Ports and inland waterways will see an investment of $17.3 billion for waterway and coastal infrastructure, inland waterway improvements, port infrastructure, and land ports of entry through the Army Corps DOT, Coast Guard, GSA, and DHS.
Airports will see $25 billion in formula funds and discretionary grant programs.
Water Infrastructure
The agreement also includes $23.4 billion for the bipartisan Drinking Water and Wastewater Infrastructure Act, which would provide new investment in water infrastructure across the country, and provides additional funding to address PFAS and for lead remediation.
Streamline Project Delivery
The legislation lifts the sunset on FAST-41, which has served to improve the federal infrastructure permitting process while leaving important environmental protections in place. The Act created the Federal Permitting Improvement Steering Council, which supports the coordination of federal agencies at the start and throughout the permitting process for major projects.
The IIJA also includes the codification of One Federal Decision, the President Trump-era Executive Order that set a two-year goal for completing the environmental review and permitting process for major projects. Notably, this provision had passed the Senate EPW Committee twice by unanimous vote in the last two years as part of surface transportation reauthorization bills.
Innovate
The IIJA contains $10.5 billion in new funding for safety measures, including a $1.1 billion grant program to help states improve driver behavior and safety, $467.5 million to support State and local law enforcement efforts to mitigate crashes and hazardous materials incidents involving commercial motor vehicles, and $200 million to support a competitive high priority commercial vehicle safety plan.
An amendment was added requiring the Federal Motor Carrier Safety Administration to issue a rule setting new safety standards for limousines within 2 years of enactment of the legislation.
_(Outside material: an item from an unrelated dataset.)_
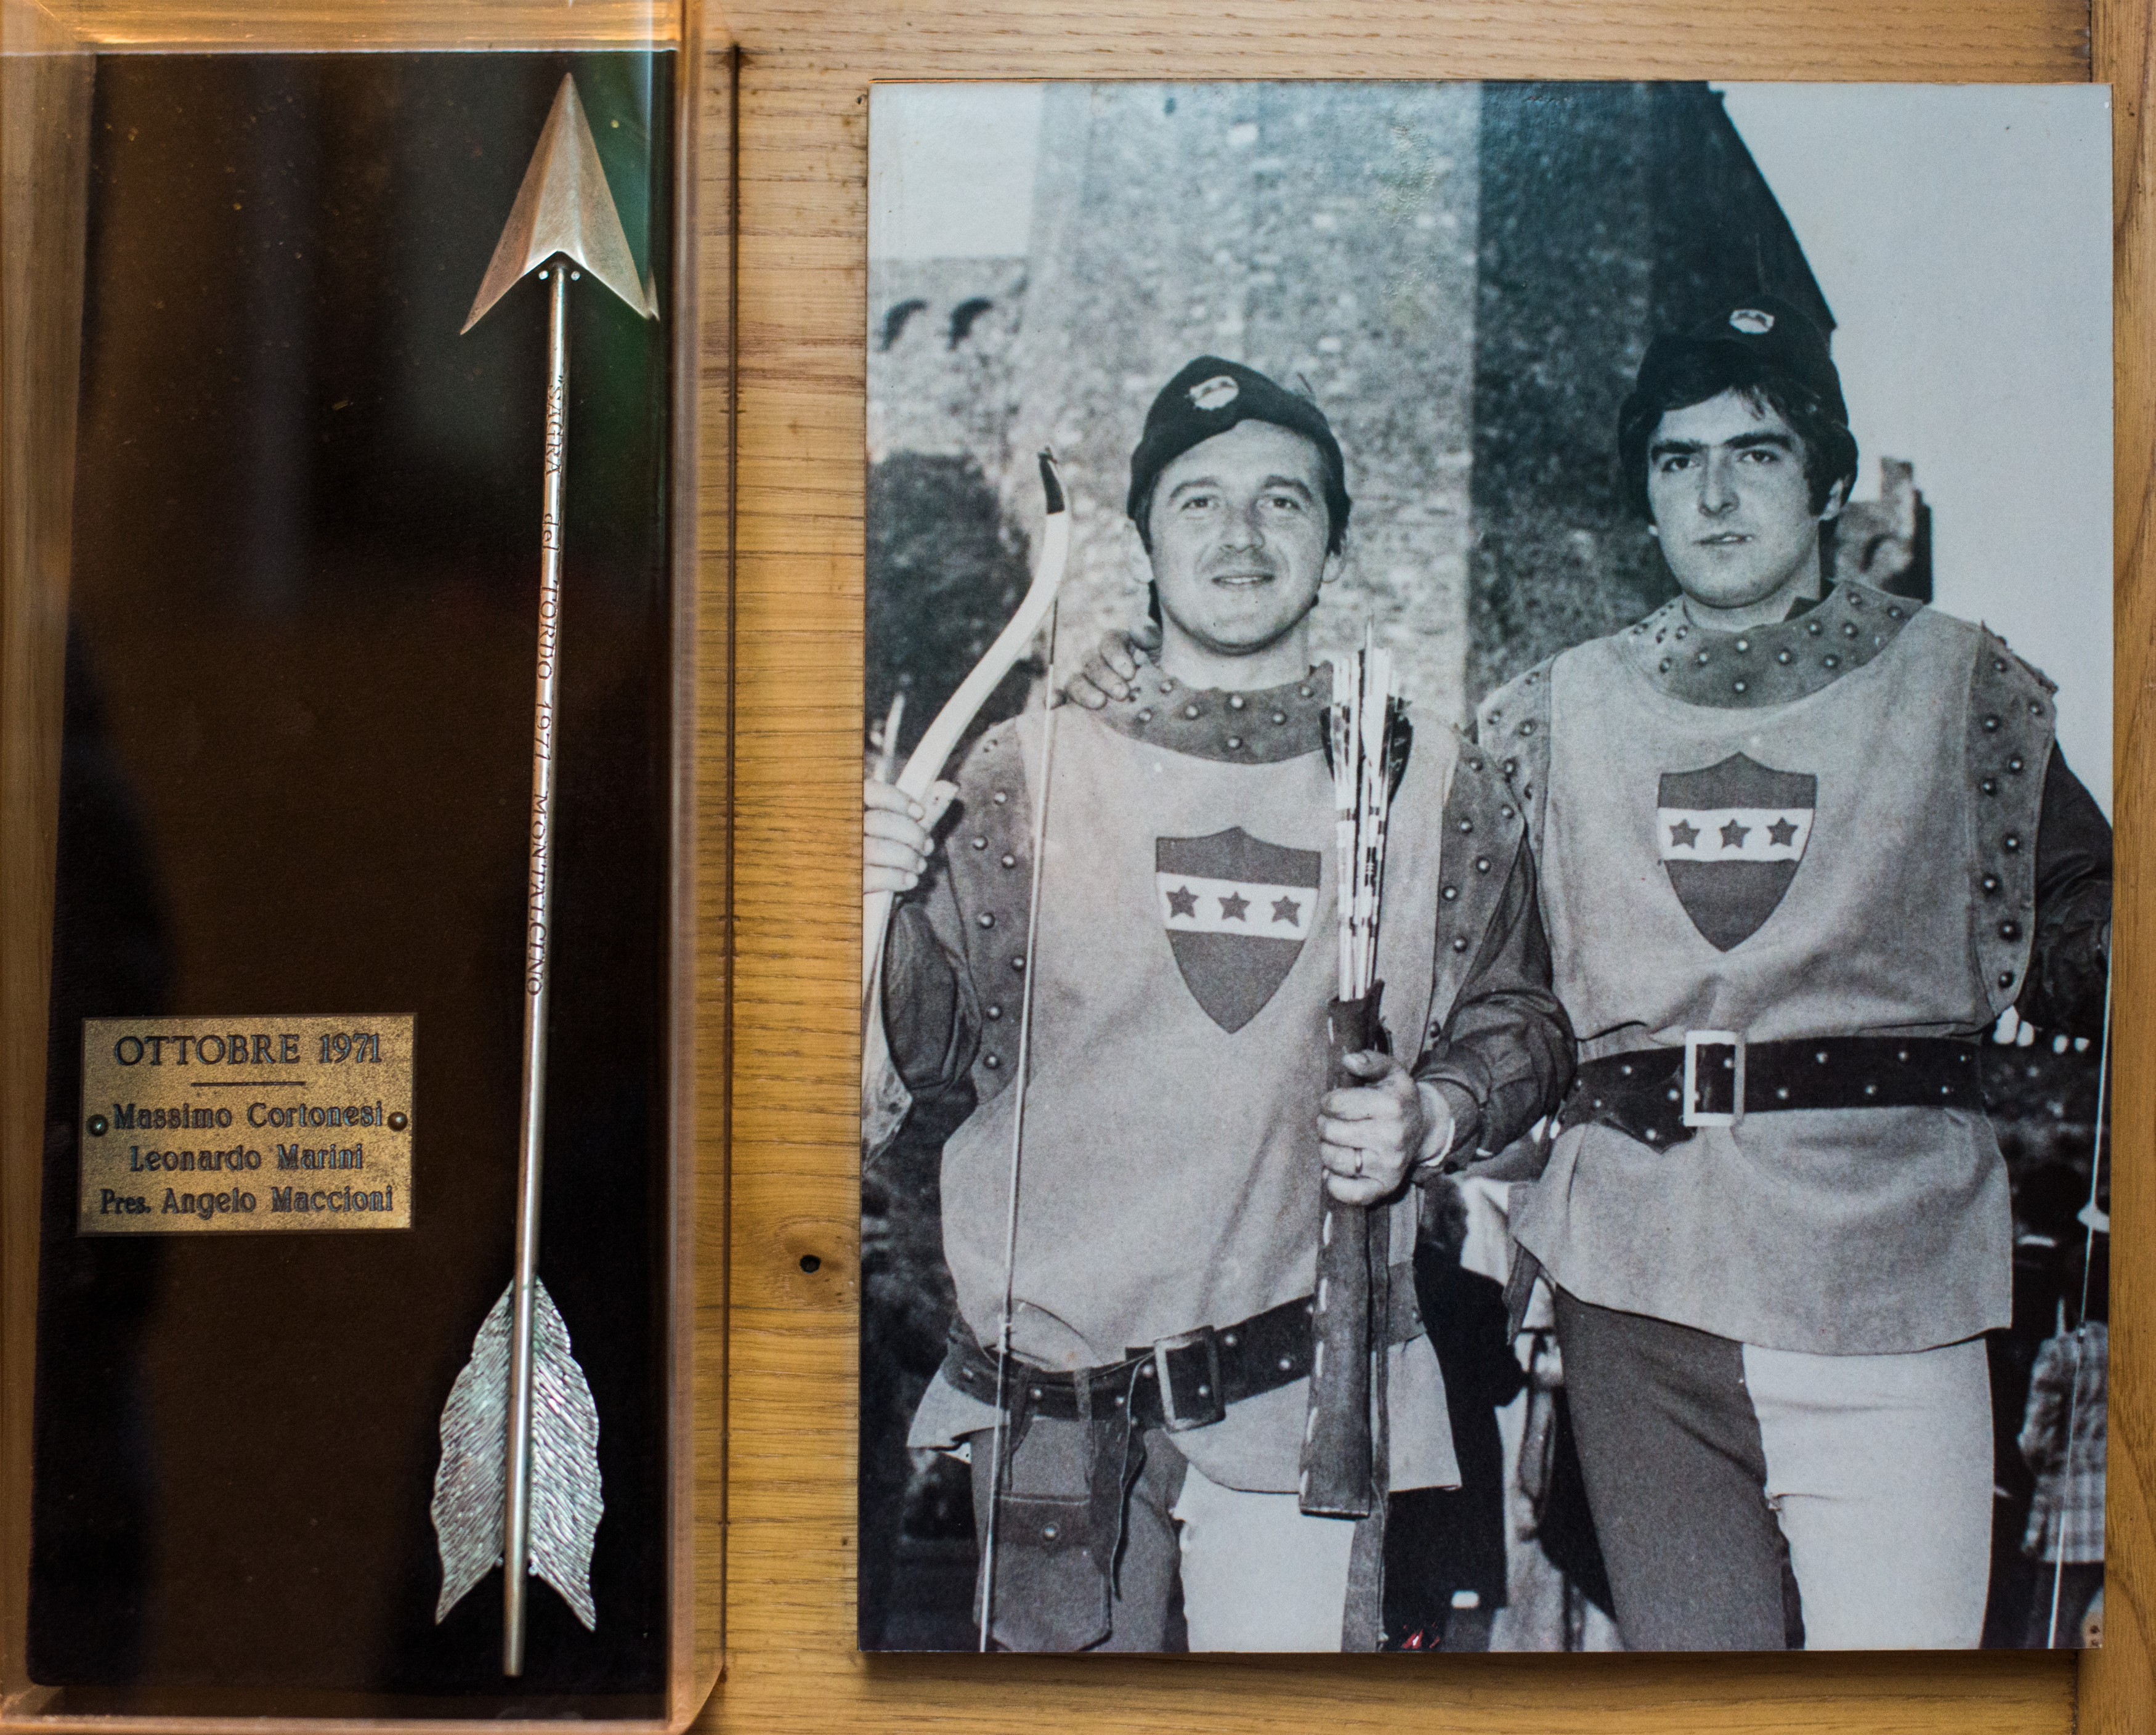 I - Ottobre 1971, Arcieri: Massimo Cortonesi e Marini Leonardo, Presidente: Angelo Maccioni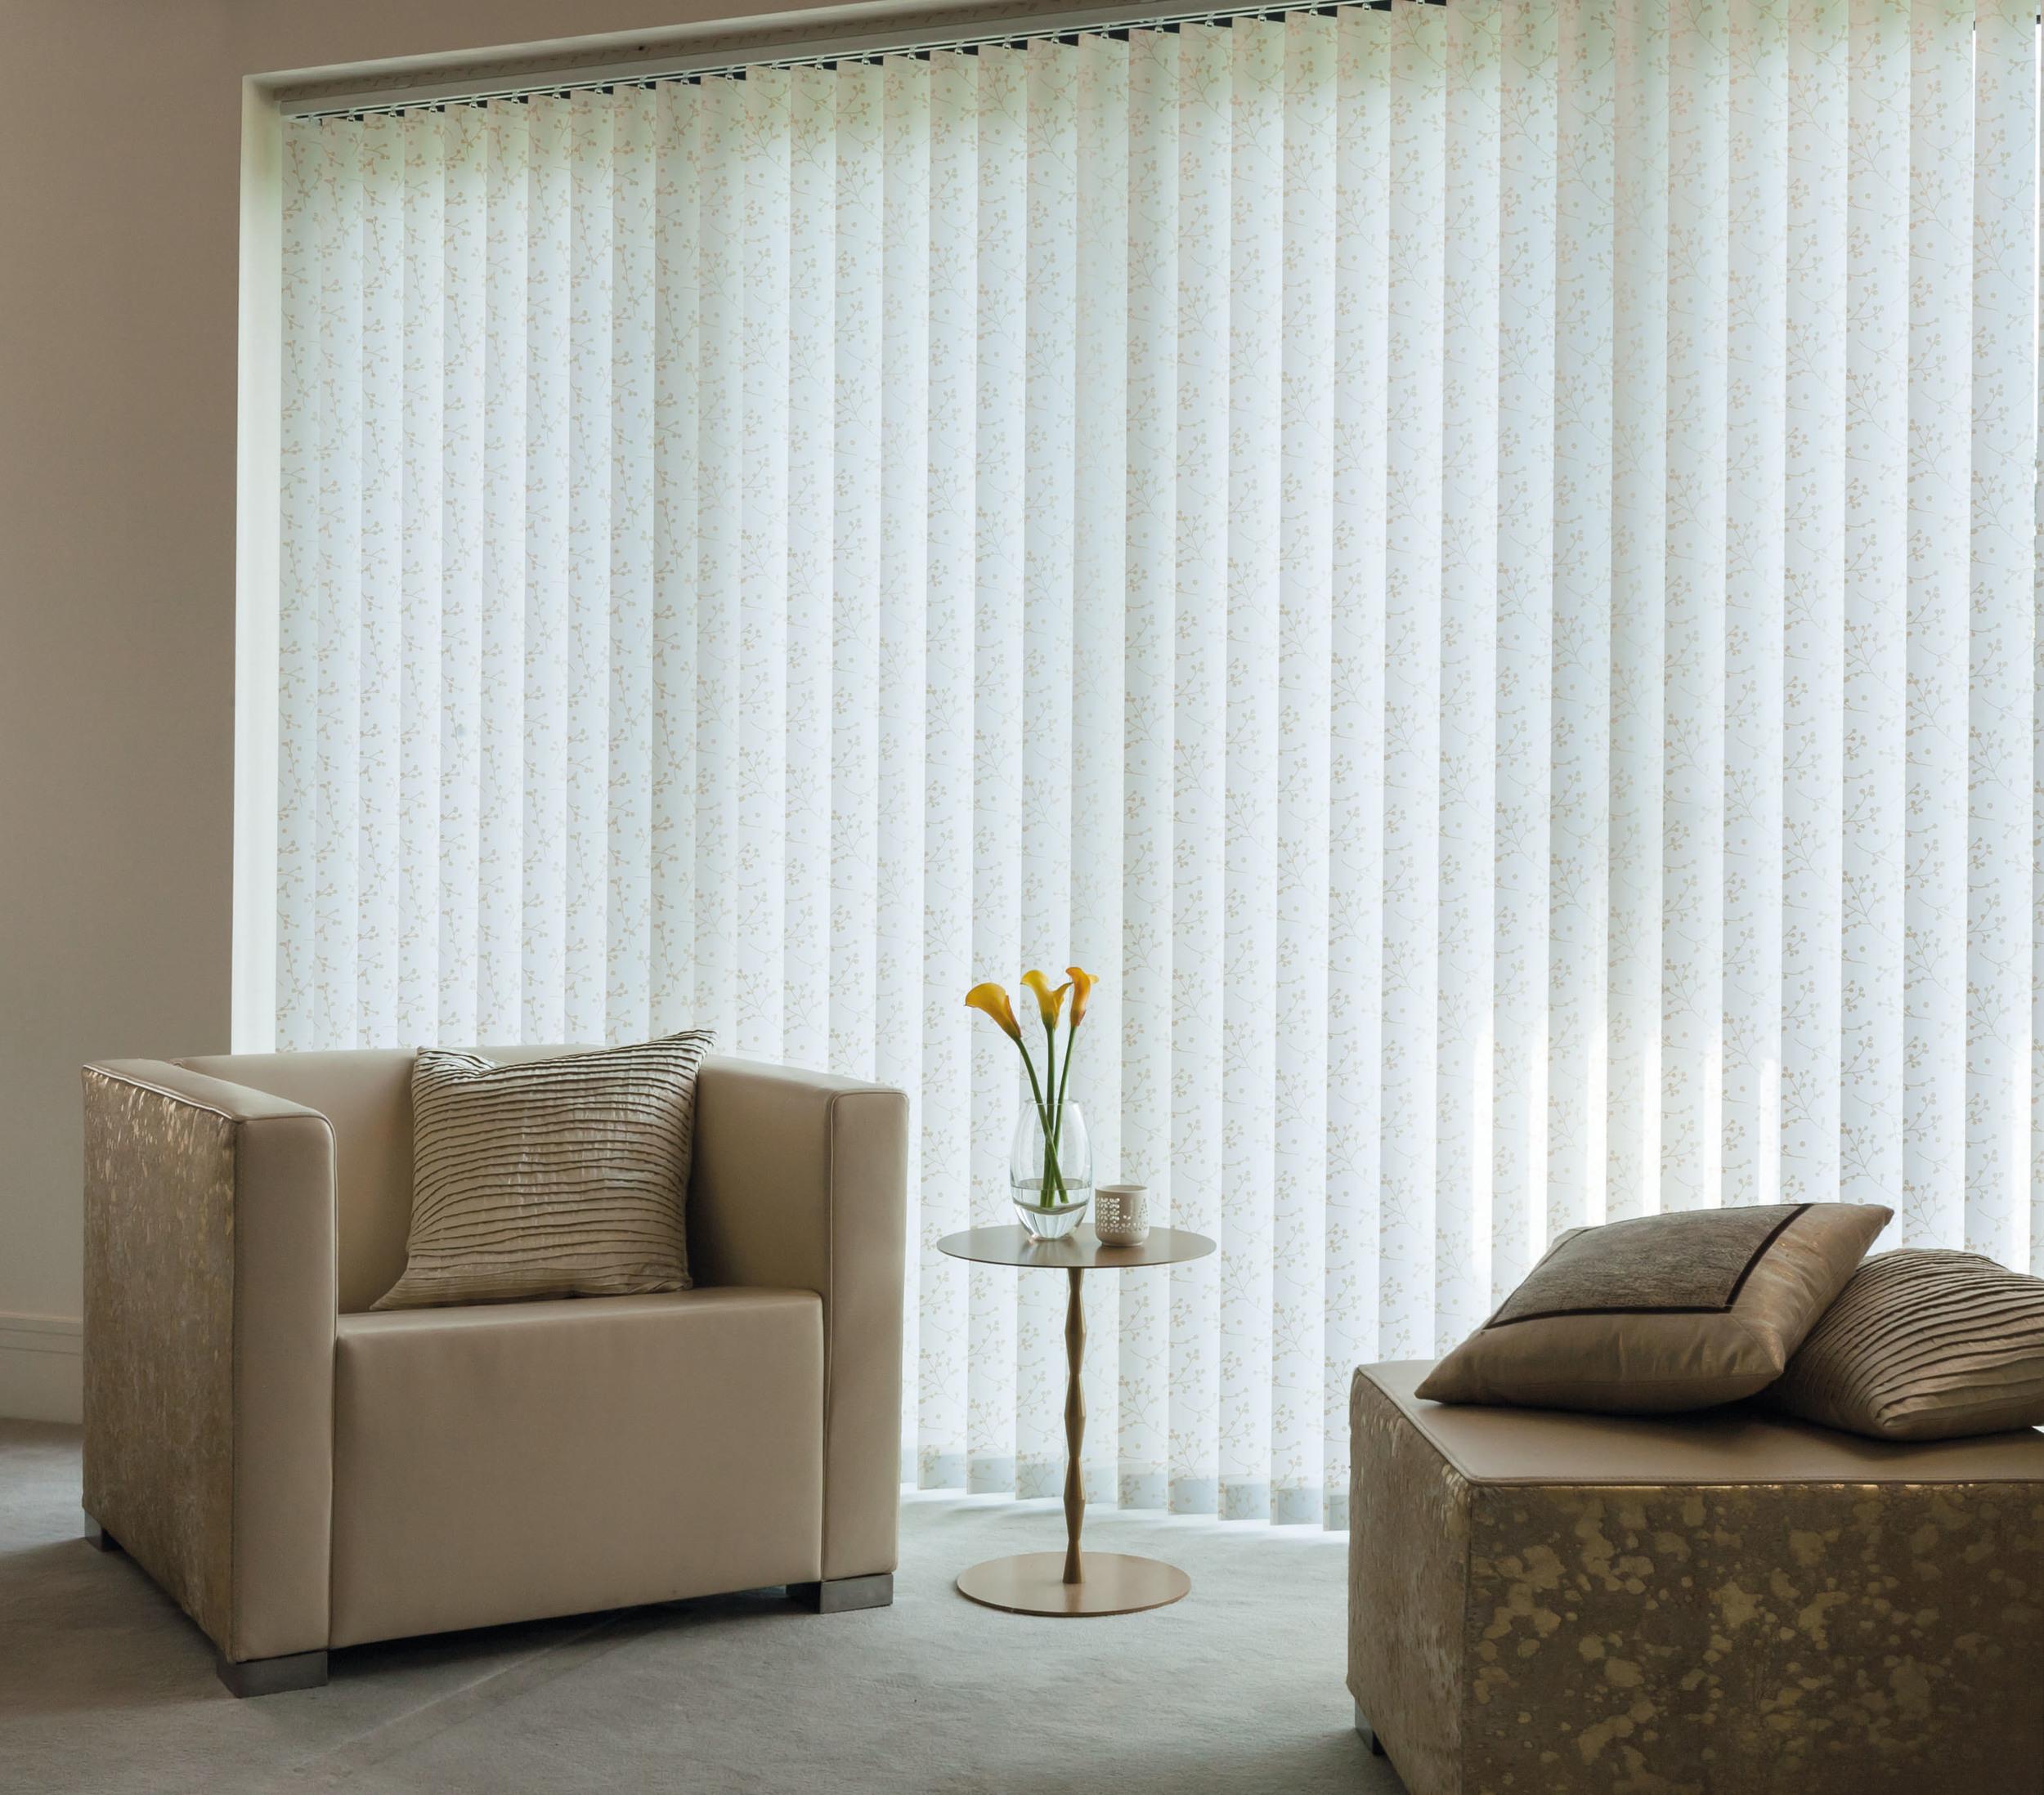 by room austrian nyc treatments shades blinds shutters nj window vwf bathroom

Related to the use of public-private partnerships, the bill requires a value for money analysis for projects with an estimated total cost of more than $750 million. The analysis is required to take place prior to signing any project development agreement, and include an evaluation of the life-cycle costs and project delivery schedule, costs of using private versus public funding and financing, a forecast of user fees and other revenues to be generated by the project, and, along with any other information USDOT determines in evaluating these analyses, any analysis of federal grants, loans, etc., key terms of any proposed P3 and any known rate of return for private entities and major compensation events, a discussion of risk allocation costs and benefits, risk premiums assigned to different development scenarios, and an evaluation of public benefits generated by the project. Further, an amendment was added amending the TIFIA statute to require that TIFIA projects “shall have appropriate payment and performance security.”
An amendment was added to the legislation creating a Minority Business Development Agency within the Department of Commerce, to contain an Office of Business Centers, to engage on a regional basis with the goal of enabling the Federal Government to better serve the needs of minority business enterprises in the region served by the office.